Visualizing and Exploring Data 1. Outline 1.Introduction 2.Summarizing Data: Some Simple Examples...

Documents

Transcript of Visualizing and Exploring Data 1. Outline 1.Introduction 2.Summarizing Data: Some Simple Examples...

MODULE Analyzing, and Summarizing Data - Lumberton · PDF filedisplaying, analyzing, and summarizing data? Displaying, Analyzing, and Summarizing Data Get immediate ... Layered Bookore

CorrectionKey=A DO NOT EDIT--Changes must be Real-World Video my.hrw.com? ESSENTIAL QUESTION my.hrw.com How can you solve real-world problems by displaying, analyzing, and summarizing

Chapter 3: Displaying and summarizing quantitative data ...utstat.utoronto.ca/~mahinda/stab22/wk2.pdf · Chapter 3: Displaying and summarizing quantitative data p52 ... Study collected

Displaying and Summarizing Quantitative Data · Displaying and Summarizing Quantitative Data WHO 1240 earthquakes known to have caused tsunamis for which we have data or good estimates

Copyright ©2005 Brooks/Cole, a division of Thomson Learning, Inc. Summarizing and Displaying Measurement Data Chapter 7.

Chapter 4: Displaying & Summarizing Quantitative Data

11 Chapter 3: Displaying Query Results 3.1 Presenting Data 3.2 Summarizing Data.

FDA_PhUSE White Paper - Central Tendency · Web viewThe purpose of this white paper is to provide advice on displaying, summarizing, and/or analyzing measures of central tendency,

Branding Strategies Design and Implementation.

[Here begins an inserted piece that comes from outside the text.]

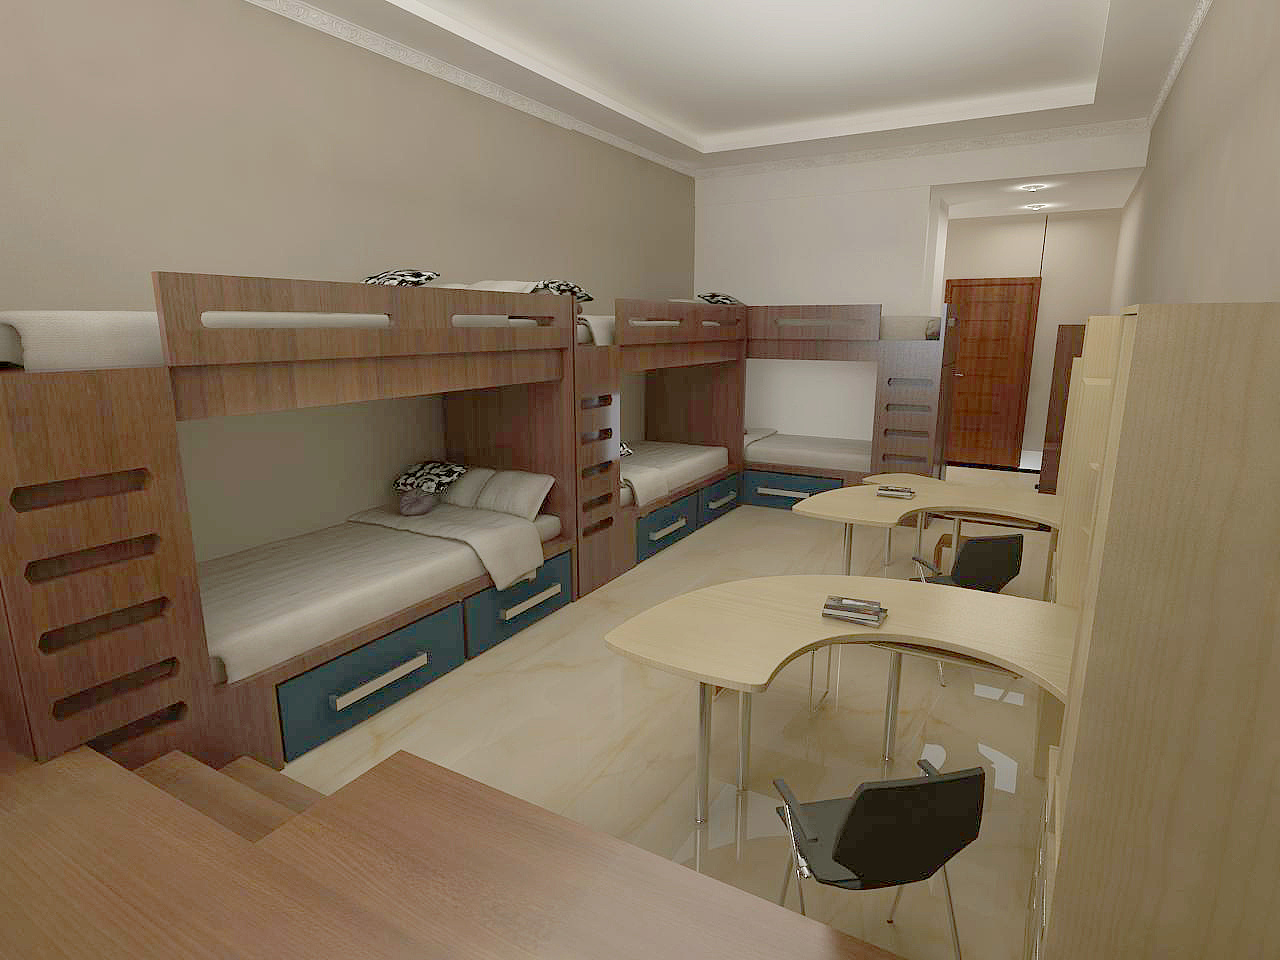 大学寝室居住空间设计(2人,4人,6人寝室)

Brand hierarchy The means of summarizing the branding strategy by displaying the number and nature of common.

. Chapter 4 Displaying Quantitative Data. . Slide 4- 2 Dealing With a Lot of Numbers… Summarizing the data will help us when we look at large sets of.

Data Analysis Statistics is the science of data. – Data Analysis is the process of organizing, displaying, summarizing, and asking questions about data.

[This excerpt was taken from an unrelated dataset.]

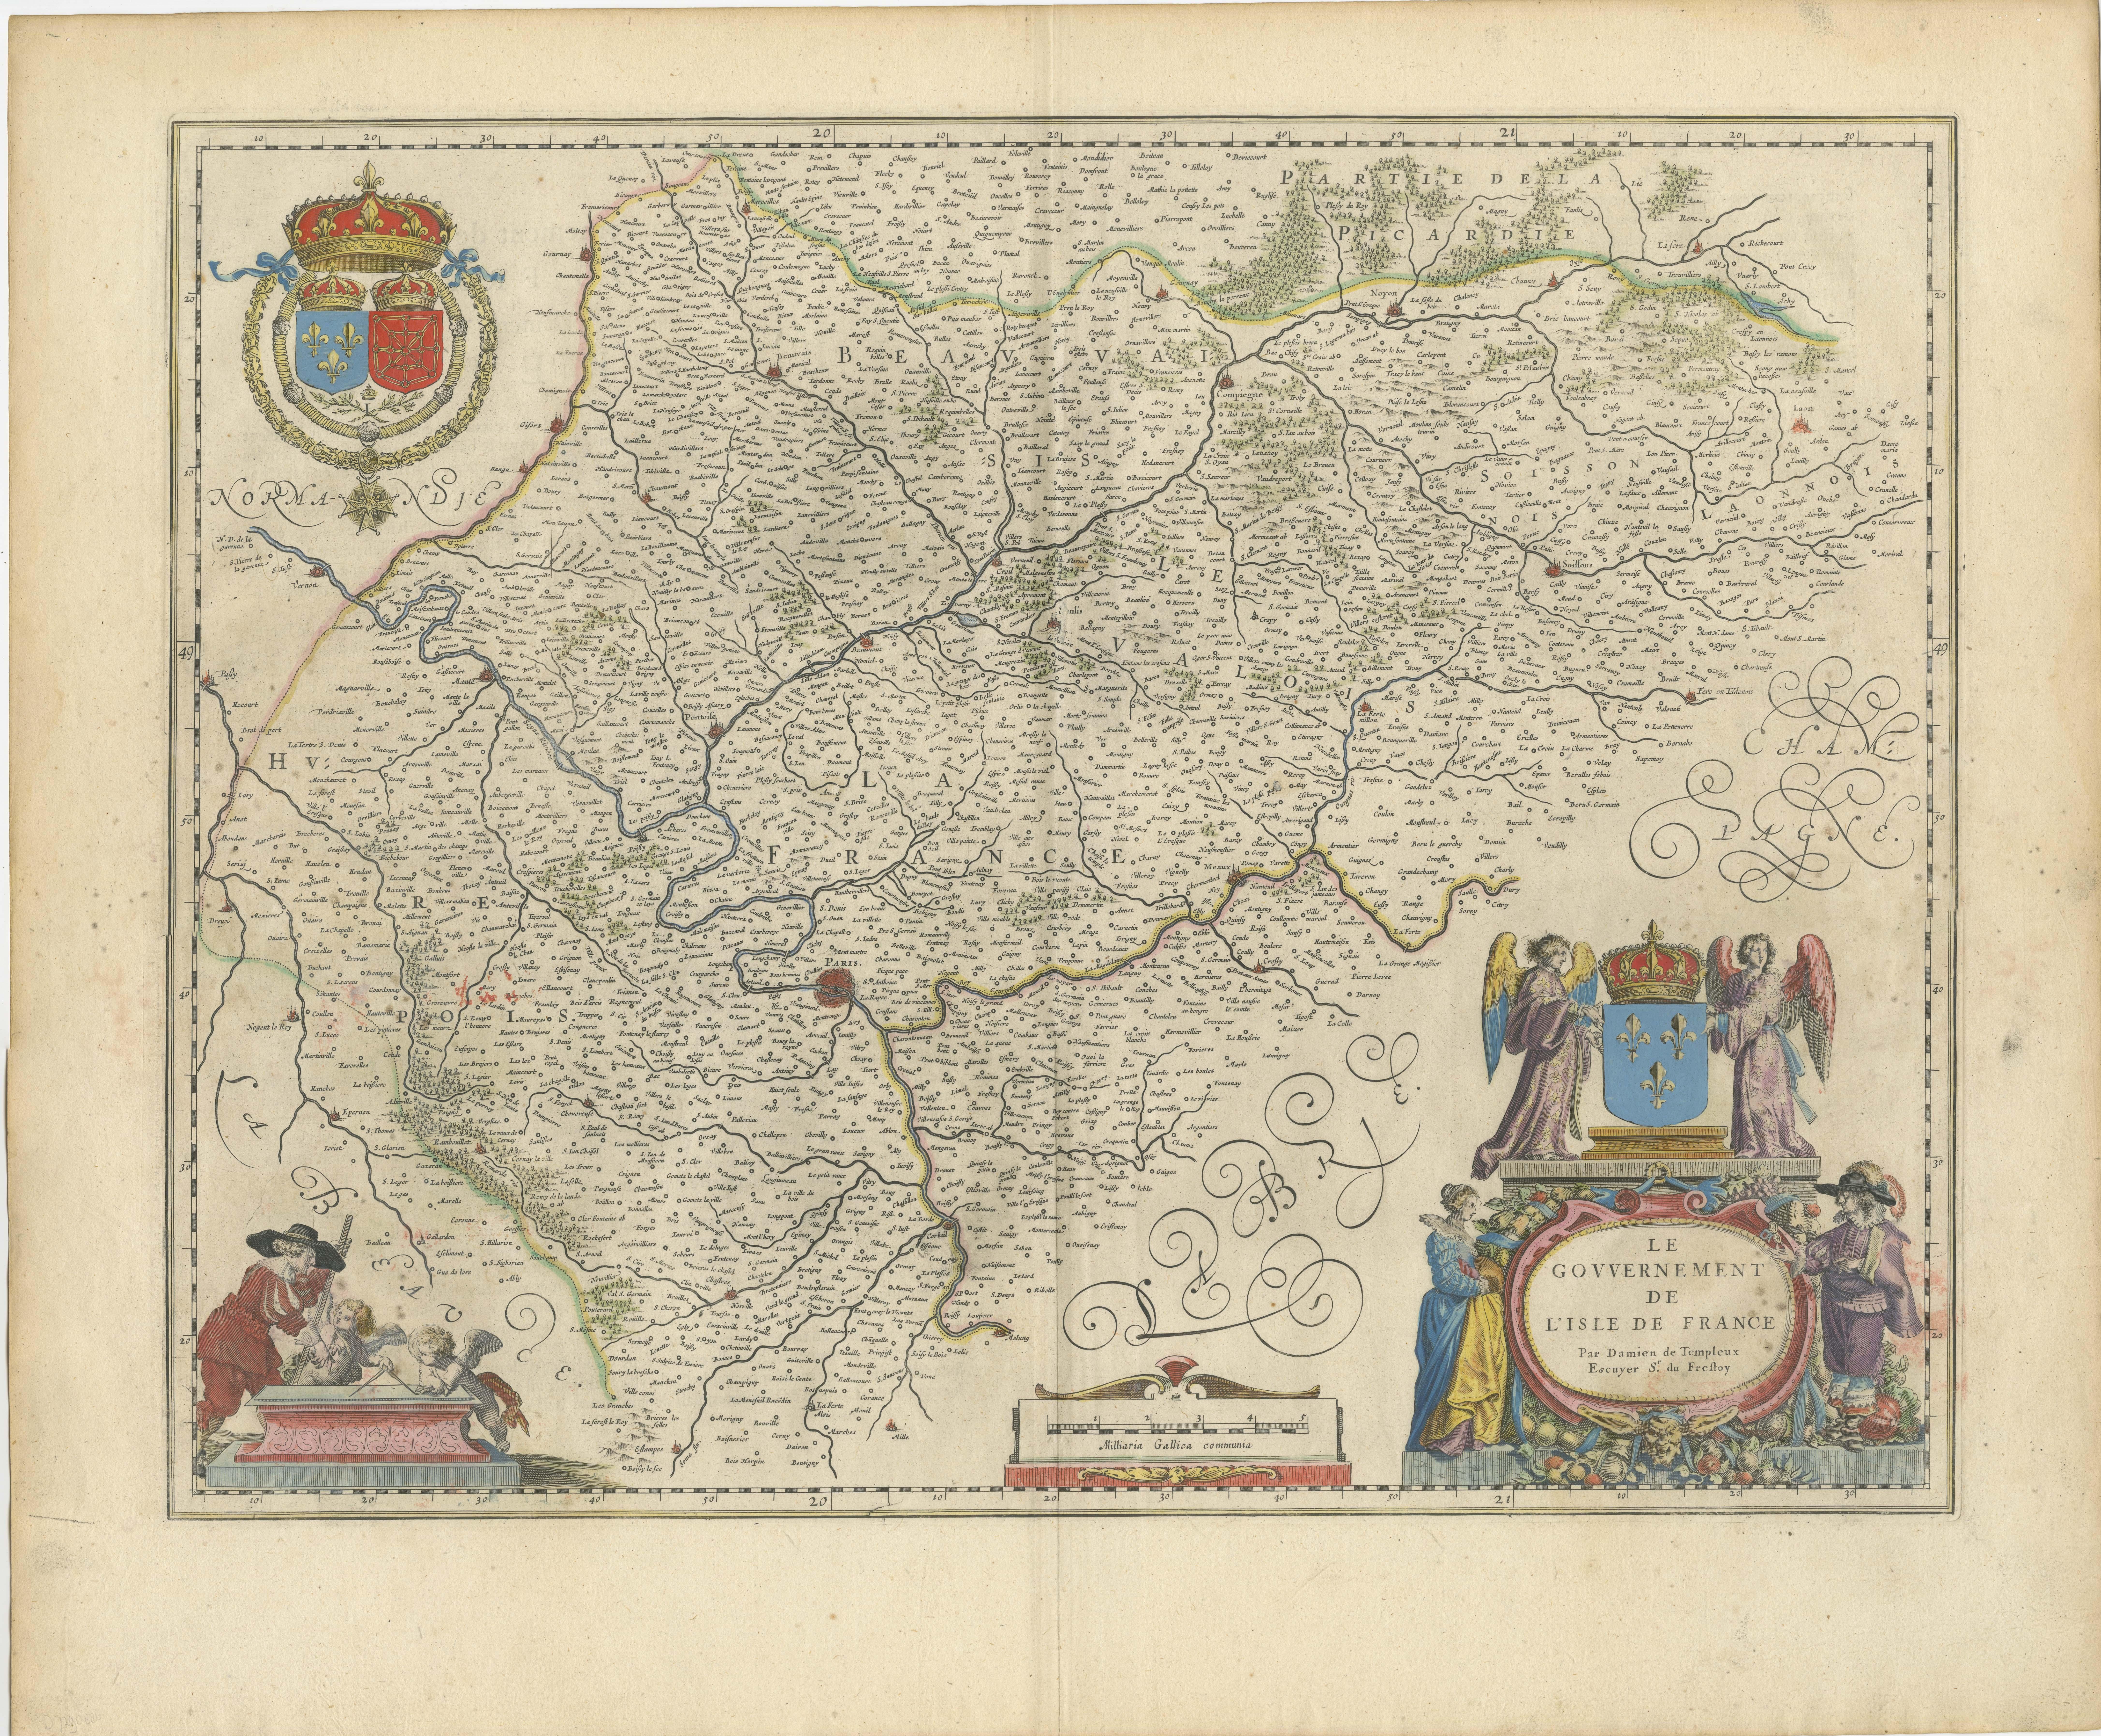 This original antique map titled

Chapter 4 Displaying and Summarizing Quantitative Data Math2200.

Copyright © 2010 Pearson Education, Inc. Chapter 4 Displaying and Summarizing Quantitative Data.

Displaying & Summarizing Quantitative Data

Introduction. What is/are Statistics? Tools for organizing and summarizing data Tests and estimates for generalizations.

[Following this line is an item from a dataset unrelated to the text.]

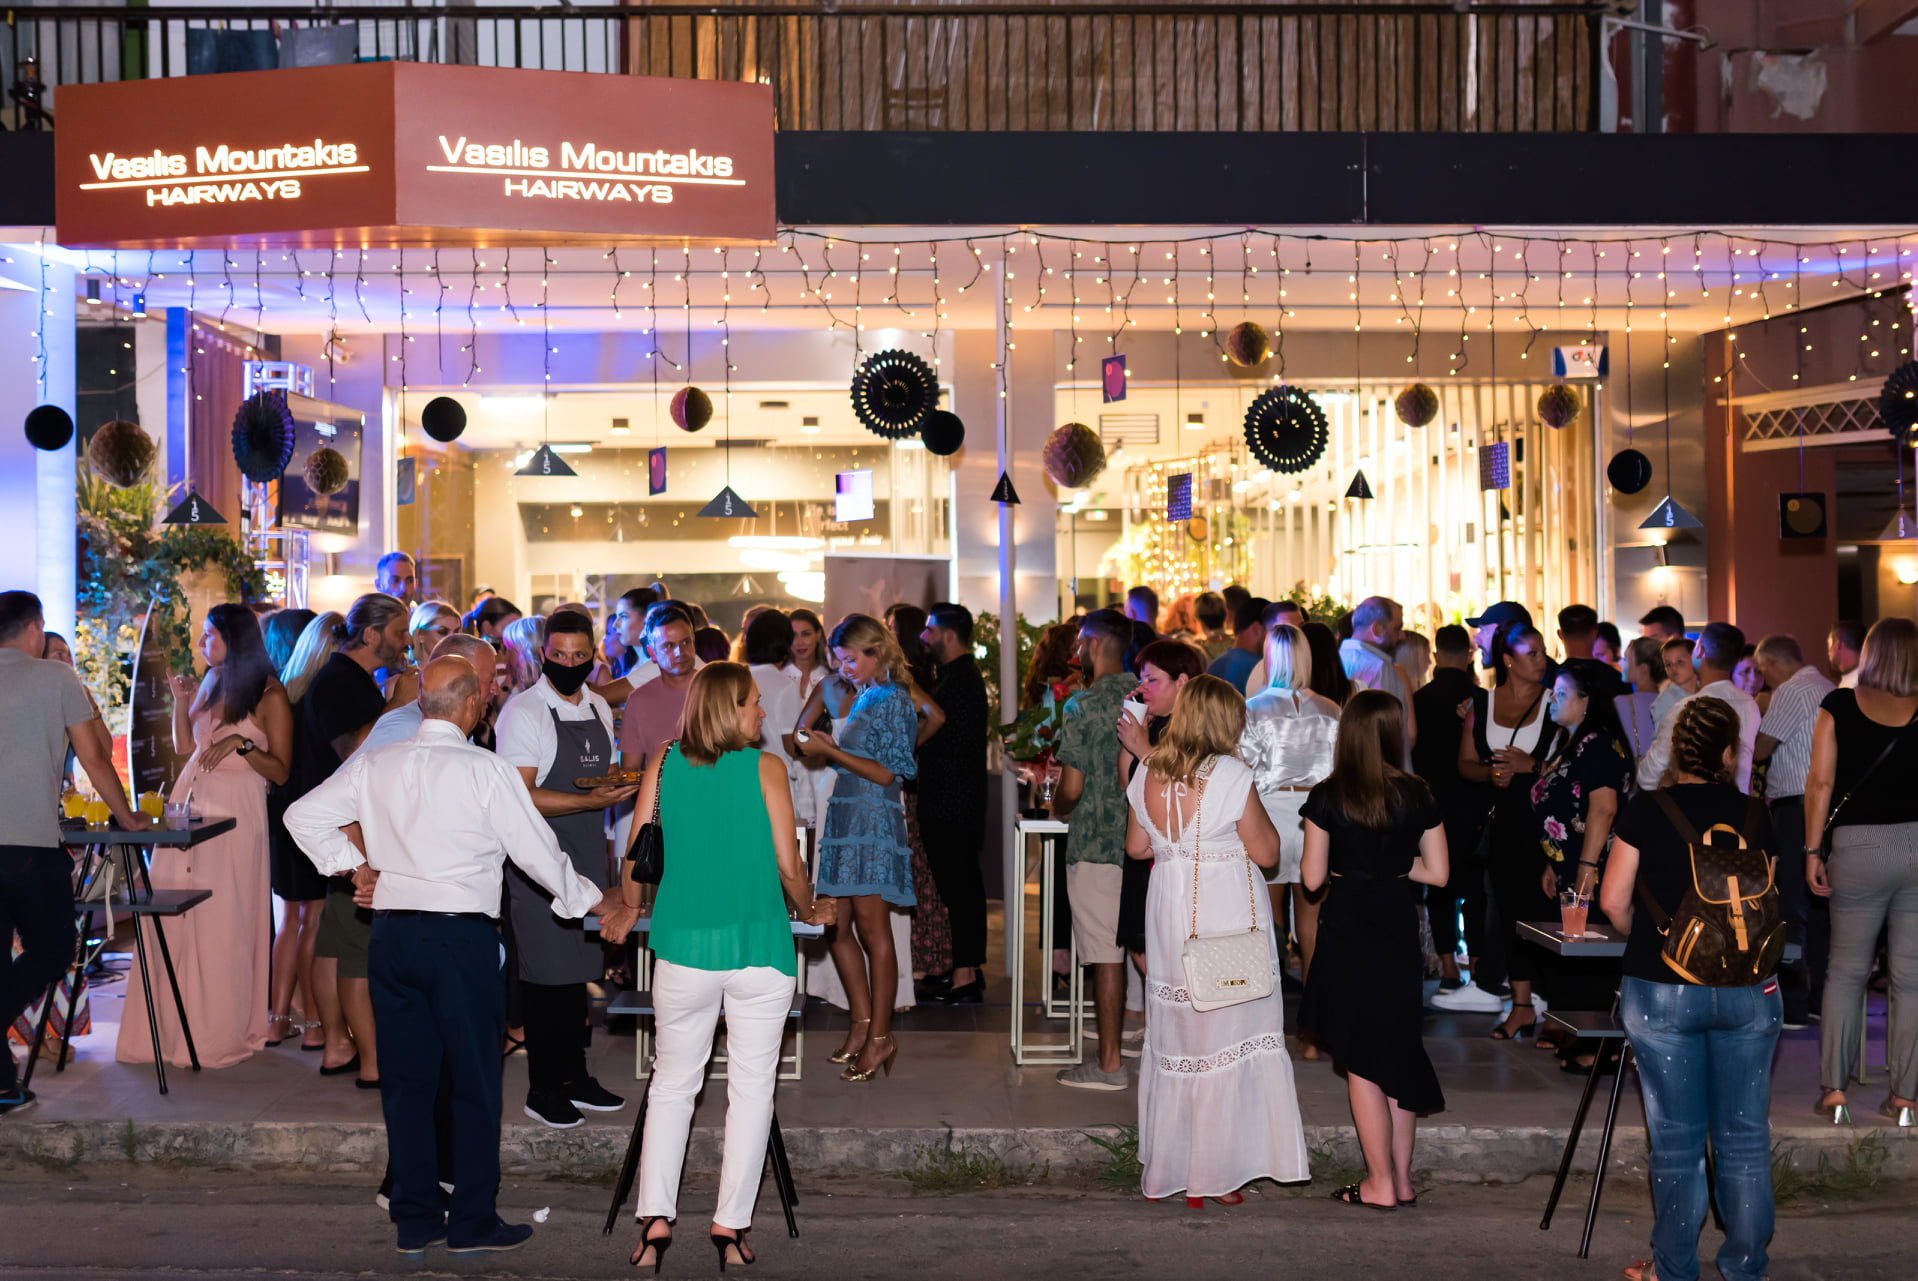 Χανιά: Φωτογραφίες από το πάρτι γενεθλίων στο κομμωτήριο Vasilis Mountakis

Chapter 4 Displaying and Summarizing Quantitative Data Display: Histograms, Stem and Leaf Plots Numerical Summaries: Median, Mean, Quartiles, Standard.

Data Collection Analysis of Variance Displaying and Summarizing … · 2018. 1. 4. · −1dfin numerator and − dfin denominator Example #2: ANOVA •Scenario:Compare average math

Tech!Tools!for!Students!with!DYSLEXIA! Tools for Students with... · 3 ! •! Comprehension !hastodowithidentifying key elements in a story, summarizing, predicting, questioning,

Summarizing tips

2 Summarizing and Displaying Dataschrader/DataAnalysisI/f3.pdf2 SUMMARIZING AND DISPLAYING DATA The only remaining character plot obtained by default is the stem and leaf display.